The prime bullies and braves among the free trappers had each his circle of novices, from among the captain's band; mere greenhorns, men unused to Indian life; mangeurs de lard, or pork-eaters; as such new-comers are superciliously called by the veterans of the wilderness.

These he would astonish and delight by the hour, with prodigious tales of his doings among the Indians; and of the wonders he had seen, and the wonders he had performed, in his adventurous peregrinations among the mountains.

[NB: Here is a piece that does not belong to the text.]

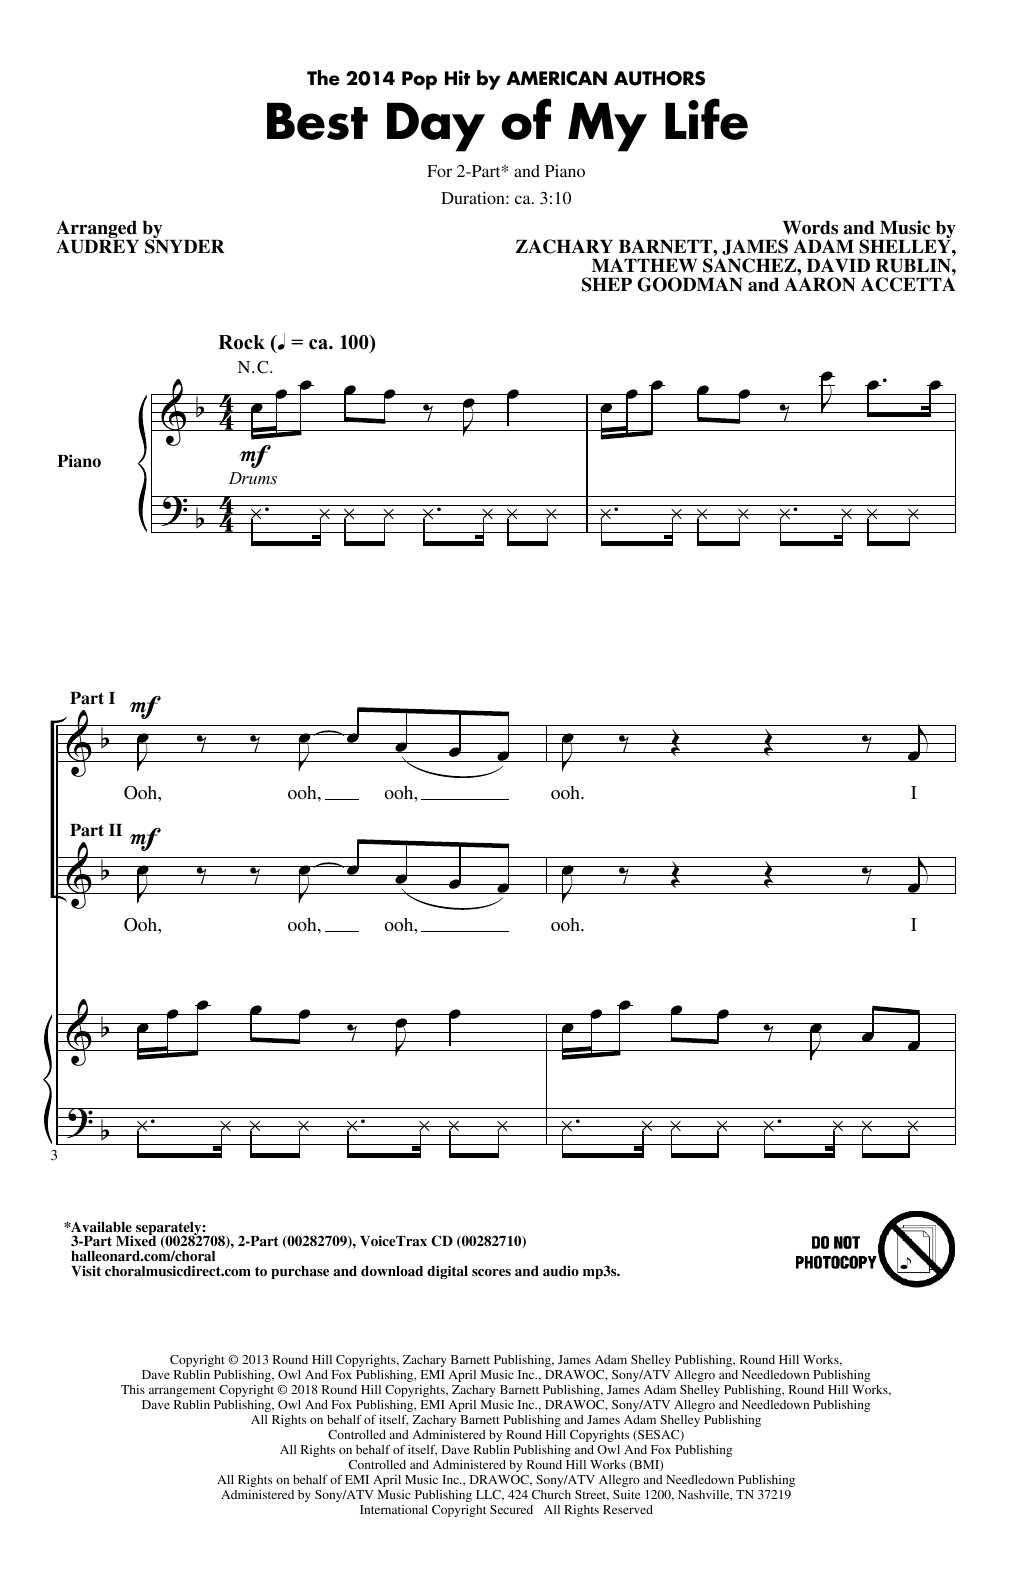 Download American Authors Best Day Of My Life (arr. Audrey Snyder Sheet Music

In the evening, the free trappers drew off, and returned to the camp of Fontenelle, highly delighted with their visit and with their new acquaintances, and promising to return the following day. They kept their word: day after day their visits were repeated; they became "hail fellow well met" with Captain Bonneville's men; treat after treat succeeded, until both parties got most potently convinced, or rather confounded, by liquor. Now came on confusion and uproar. The free trappers were no longer suffered to have all the swagger to themselves. The camp bullies and prime trappers of the party began to ruffle up, and to brag, in turn, of their perils and achievements. Each now tried to out-boast and out-talk the other; a quarrel ensued as a matter of course, and a general fight, according to frontier usage. The two factions drew out their forces for a pitched battle. They fell to work and belabored each other with might and main; kicks and cuffs and dry blows were as well bestowed as they were well merited, until, having fought to their hearts' content, and been drubbed into a familiar acquaintance with each other's prowess and good qualities, they ended the fight by becoming firmer friends than they could have been rendered by a year's peaceable companionship.